Table 2. Representative OTUs generated by Mattila et al., 2012, their % prevalence in the bee gut (ranked in terms of abundance) and top blast hit accession numbers from the Cox-Foster et al., 2007 phylotypes. Where a particular OTU does not find homologs within the 8 phylotype framework proposed by Cox-Foster et al., we indicate that result with N/A.

*Classification (Mattila et al.,* 2012)**	*Prevalence in the bee gut (Mattila et al.,* 2012)**	Top blast hit (nr/nt)	Phylotype
*Succinivibrionaceae*	38.8%	HE613303	Gamma-1
*Bowmanella*	14.3%	DQ837611	Gamma-2
*Oenococcus*	14.1%	HE613310	Firm-5
*Paralactobacillus*	10.2%	HM113331	Firm-4
*Unclass. Colwelliaceae*	6.4%	HM111973	Gamma-1
*Bifidobacterium*	4.7%	HM113282	Bifido
*Shimazuella*	3.2%	HE613282	Firm-5
*Enterobacter*	1.2%	JF208675	N/A
*Laribacter*	1.0%	JQ437500	Beta
*Saccharibacter*	0.92%	JQ437507	Alpha-2.1
*Rummeliibacillus*	0.52%	HM111947	Firm-5
*Atopobacter*	0.28%	HM113352	Firm-4
*Escherichia/Shigella*	0.17%	HE582599	N/A

It is important to note that the 13 OTU representatives in Table 2 do not represent our complete dataset; of the 1,019 OTUs we reported in Mattila et al., 2012, only 358/1019 find homologs (>98% ID) in honey bee datasets previously published. Furthermore, Mattila et al., 2012 takes the step of classifying and analyzing these sequences at a finer taxonomic scale. Two fundamental questions remain to be addressed: 1) is this diversity relevant to honey bee health? and 2) is the level of divergence revealed by our study for the honeybee microbiome important for the function and stability of this community? Our study suggests that fine scale diversity within the bacterial community (at 97% ID) may be important to the health of a colony; community diversity using this metric correlated with host genetic diversity and with the prevalence of low frequency pathogens Melissococcus and Paenibacillus.

References

1. Mattila HR, Rios D, V.E. W-S, Roeselers G, Newton ILG (2012) Characterization of the active microbiotas associated with honey bees reveals healthier and broader communities when colonies are genetically diverse. PLoS ONE 7: e32962.

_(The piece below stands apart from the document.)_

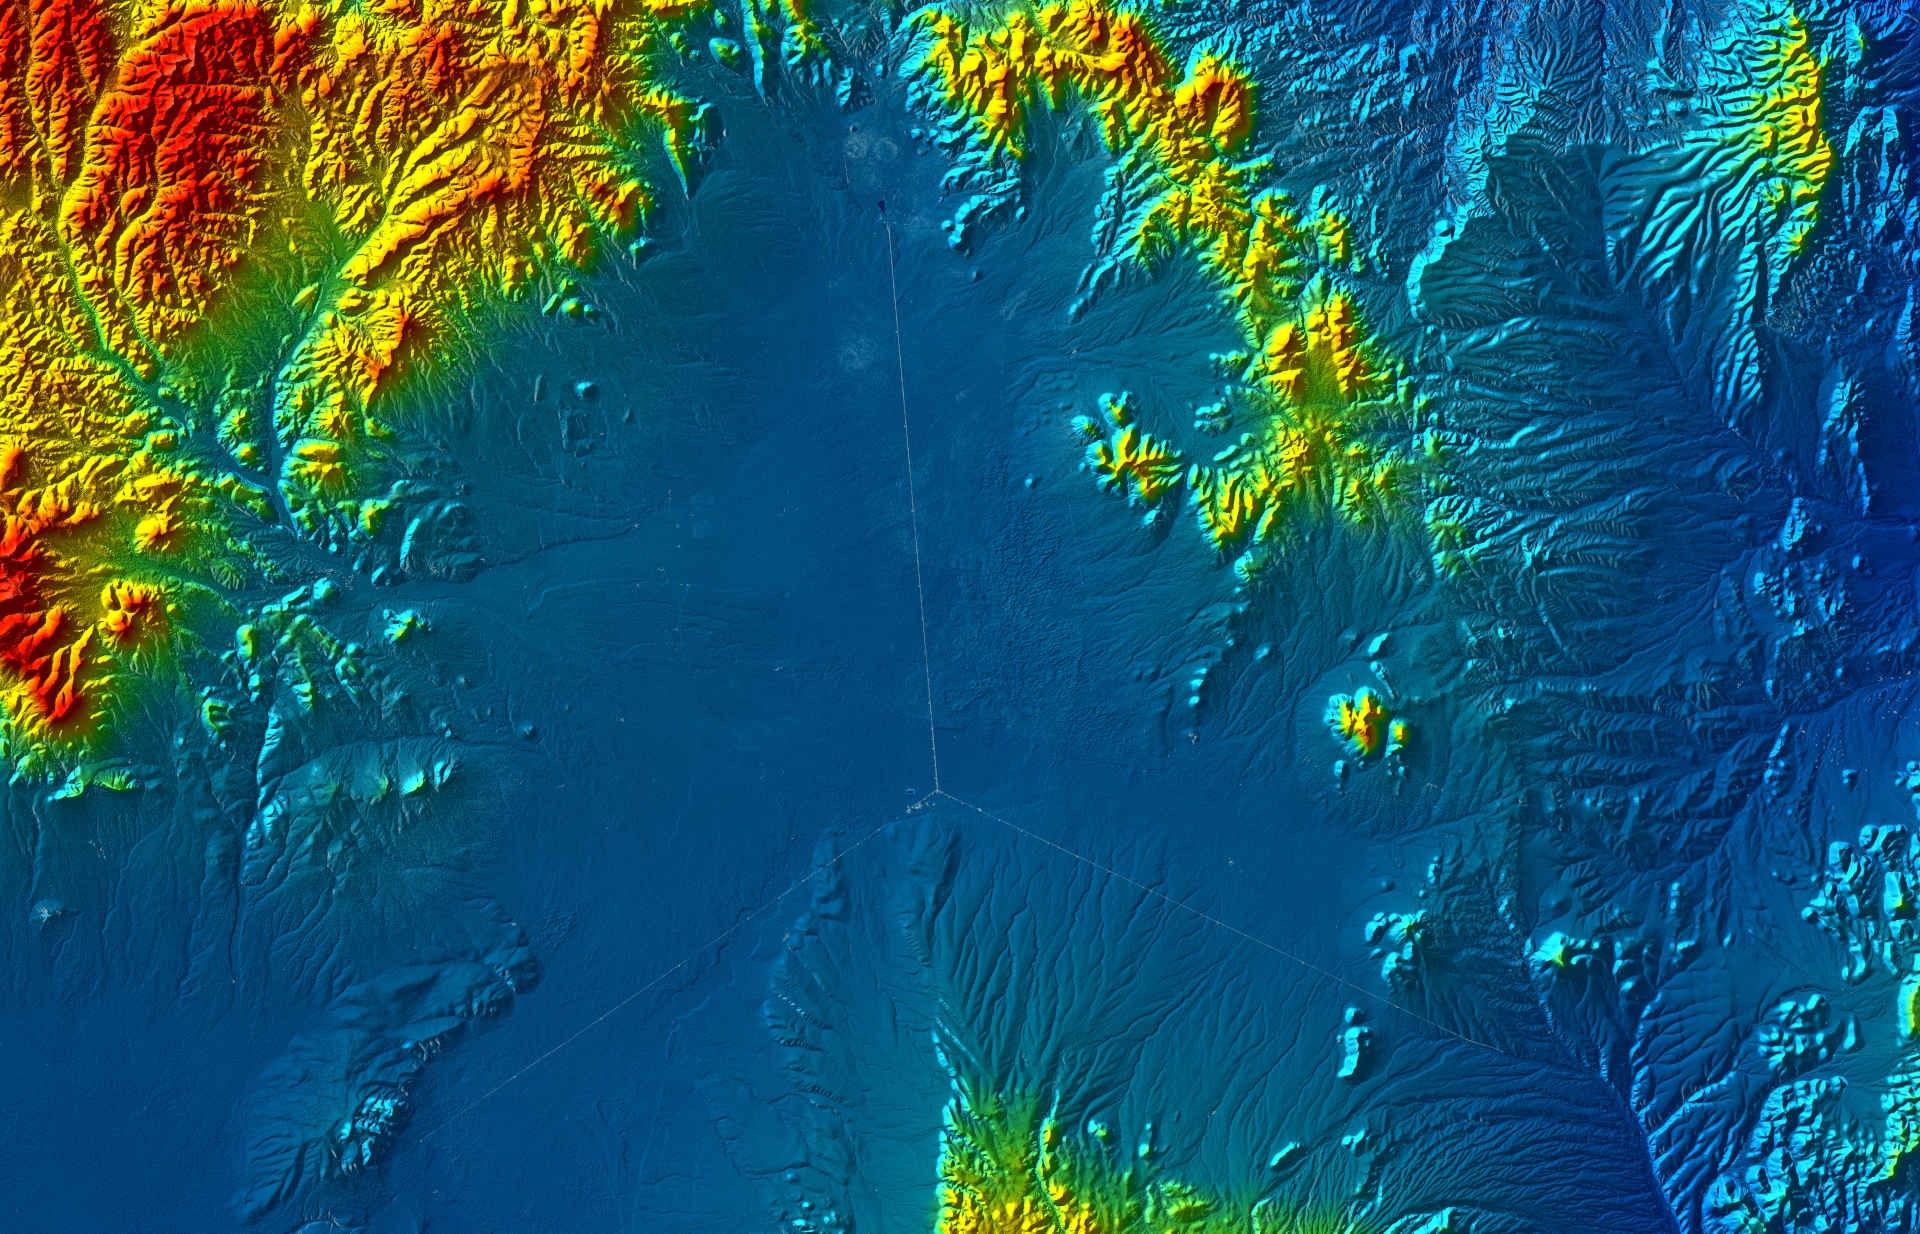 Elevation model showing the Very Large Array in New Mexico

2. Schloss PD, Westcott SL, Ryabin T, Hall JR, Hartmann M, et al. (2009) Introducing mothur: open-source, platform-independent, community-supported software for describing and comparing microbial communities. Appl Environ Microbiol 75: 7537-7541.

3. Staley JaAK (1985) Measurement of in situ activities of nonphotosynthetic microorganisms in aquatic and terrestrial habitats. Annual Review of Microbiology 39: 321-346.

4. Werner JJ, Koren O, Hugenholtz P, DeSantis TZ, Walters WA, et al. (2012) Impact of training sets on classification of high-throughput bacterial 16s rRNA gene surveys. ISME J 6: 94-103.

5. Yzerman E, den Boer J, Caspers M, Almal A, Worzel B, et al. (2010) Comparative genome analysis of a large Dutch Legionella pneumophila strain collection identifies five markers highly correlated with clinical strains. Bmc Genomics 11.

6. Min XJ, Hickey DA (2007) Assessing the effect of varying sequence length on DNA barcoding of fungi. Mol Ecol Notes 7: 365-373.

7. Cox-Foster DL, Conlan S, Holmes EC, Palacios G, Evans JD, et al. (2007) A metagenomic survey of microbes in honey bee colony collapse disorder. Science 318: 283-287.